Question

A person standing on a road has to hold his umbrella at $60^\circ$ with the vertical to keep the rain away. He throws the umbrella and starts running at $20\,{\text{m}}{{\text{s}}^{ - 1}}$. He finds that raindrops are hitting his head vertically. Find the speed of the rain drops with respect to (a) the road and (b) the moving person.

Answer 1

We will draw the direction of rain with respect to man as vertical in nature and direction of rain with respect to the ground as slanting in nature. Then we will apply trigonometric ratios respectively and manipulate accordingly.

Complete step by step answer:
In the given question, the person is standing on the ground and he holds his umbrella at an angle of $60^\circ$ with the vertical, so that rain can’t fall on him.
So, from the figure it is quite evident that direction of direction is slanting in nature and more like a diagonal. The arrow mark indicates the direction of the falling rain drops.
After throwing away the umbrella, when he starts running at a speed of $20\,{\text{m}}{{\text{s}}^{ - 1}}$ towards the left, the raindrops are falling vertically on his head.
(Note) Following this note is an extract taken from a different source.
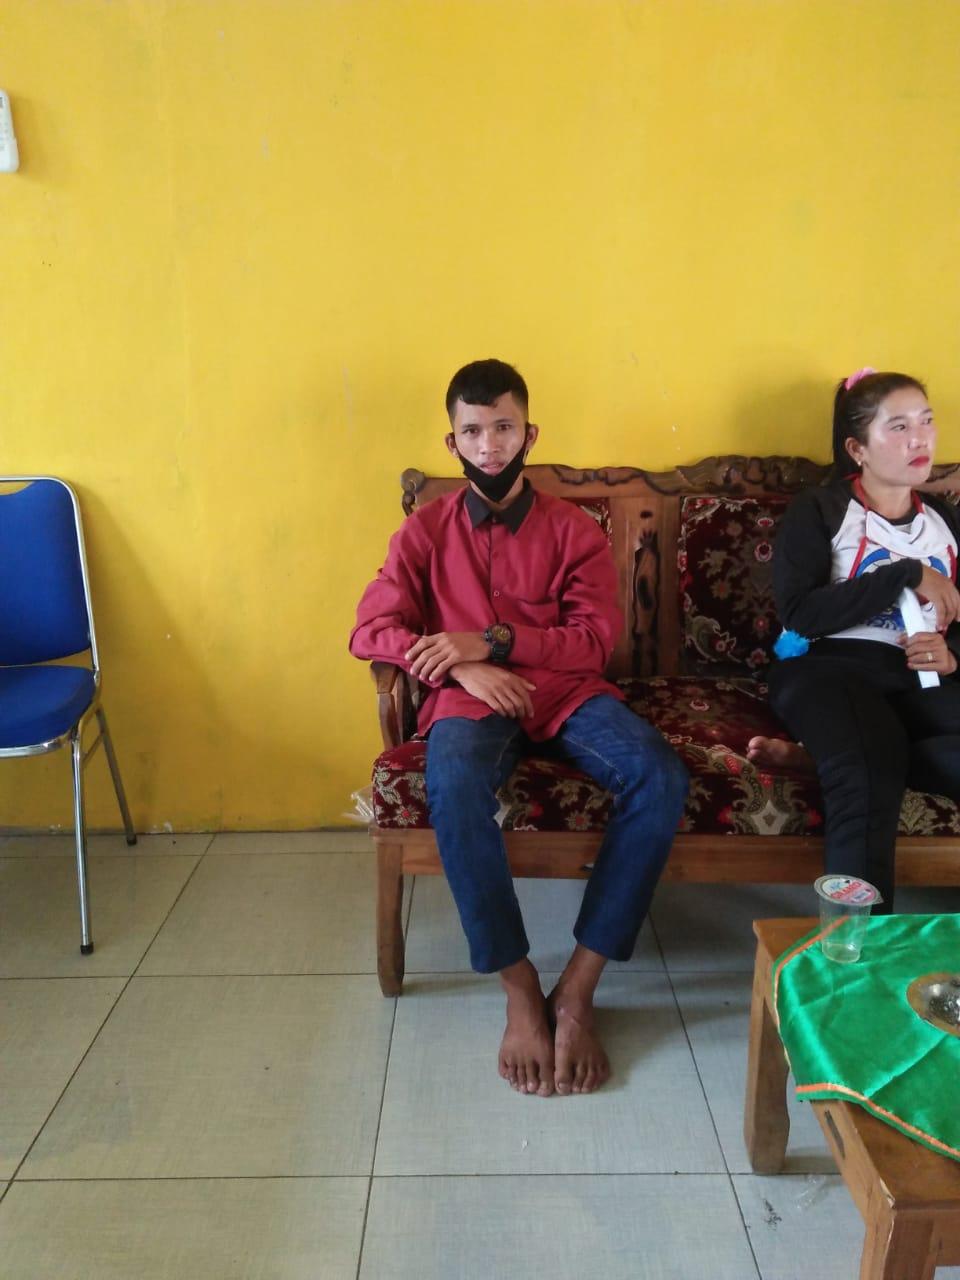 Pengantin Wanita Menolak Menikah, Tokoh Adat Akan Menuntutnya Secara Hukum

The arrow mark indicates the direction of falling rain drops.

In the figure,
$\Delta ABC$ has sides marked with various speeds:
${v_{{\text{rg}}}}$ indicates the speed of the rain with respect to the ground.
${v_{{\text{rm}}}}$ indicates the speed of the rain with respect to the man.
${v_{\text{m}}}$ indicates the speed of man running at.

So, we now calculate the speed of rain with respect to:
First case (a) the road:

In the $\Delta ABC$, to calculate the speed of the rain with respect to the ground, we take the trigonometric ratio of sine of an angle which relates perpendicular and hypotenuse.
\sin 60^\circ =\dfrac{{{v_{\text{m}}}}}{{{v_{{\text{rg}}}}}} \\\ {v_{{\text{rg}}}} = \dfrac{{{v_{\text{m}}}}}{{\sin 60^\circ }} \\\ {v_{{\text{rg}}}} = \dfrac{{20}}{{\dfrac{{\sqrt 3 }}{2}}}\,{\text{m}}{{\text{s}}^{ - 1}} \\\ {v_{{\text{rg}}}} = \dfrac{{40}}{{\sqrt 3 }}\,{\text{m}}{{\text{s}}^{ - 1}} \\\
Hence, the speed of the rain with respect to the rain is $\dfrac{{40}}{{\sqrt 3 }}\,{\text{m}}{{\text{s}}^{ - 1}}$.

First case (b) the moving person:

In the $\Delta ABC$, to calculate the speed of the rain with respect to the moving person, we take the trigonometric ratio of tangent of an angle which relates perpendicular and base.
\tan 60^\circ =\dfrac{{{v_{\text{m}}}}}{{{v_{{\text{rm}}}}}} \\\ {v_{{\text{rm}}}} = \dfrac{{{v_{\text{m}}}}}{{\tan 60^\circ }} \\\ {v_{{\text{rm}}}} = \dfrac{{20}}{{\sqrt 3 }}\,{\text{m}}{{\text{s}}^{ - 1}} \\\
Hence, the speed of the rain with respect to the rain is $\dfrac{{20}}{{\sqrt 3 }}\,{\text{m}}{{\text{s}}^{ - 1}}$.

Note:
In this problem, you need to keep in mind that the direction of rain with respect to the ground is slanting in nature and direction of rain with respect to man is straight downward. It is important to note that the side opposite to the angle $60^\circ$ is of magnitude $20$. If you want a relation between perpendicular and base then use trigonometric ratio tangent, whereas if you want a relation between perpendicular and hypotenuse then use trigonometric ratio sine.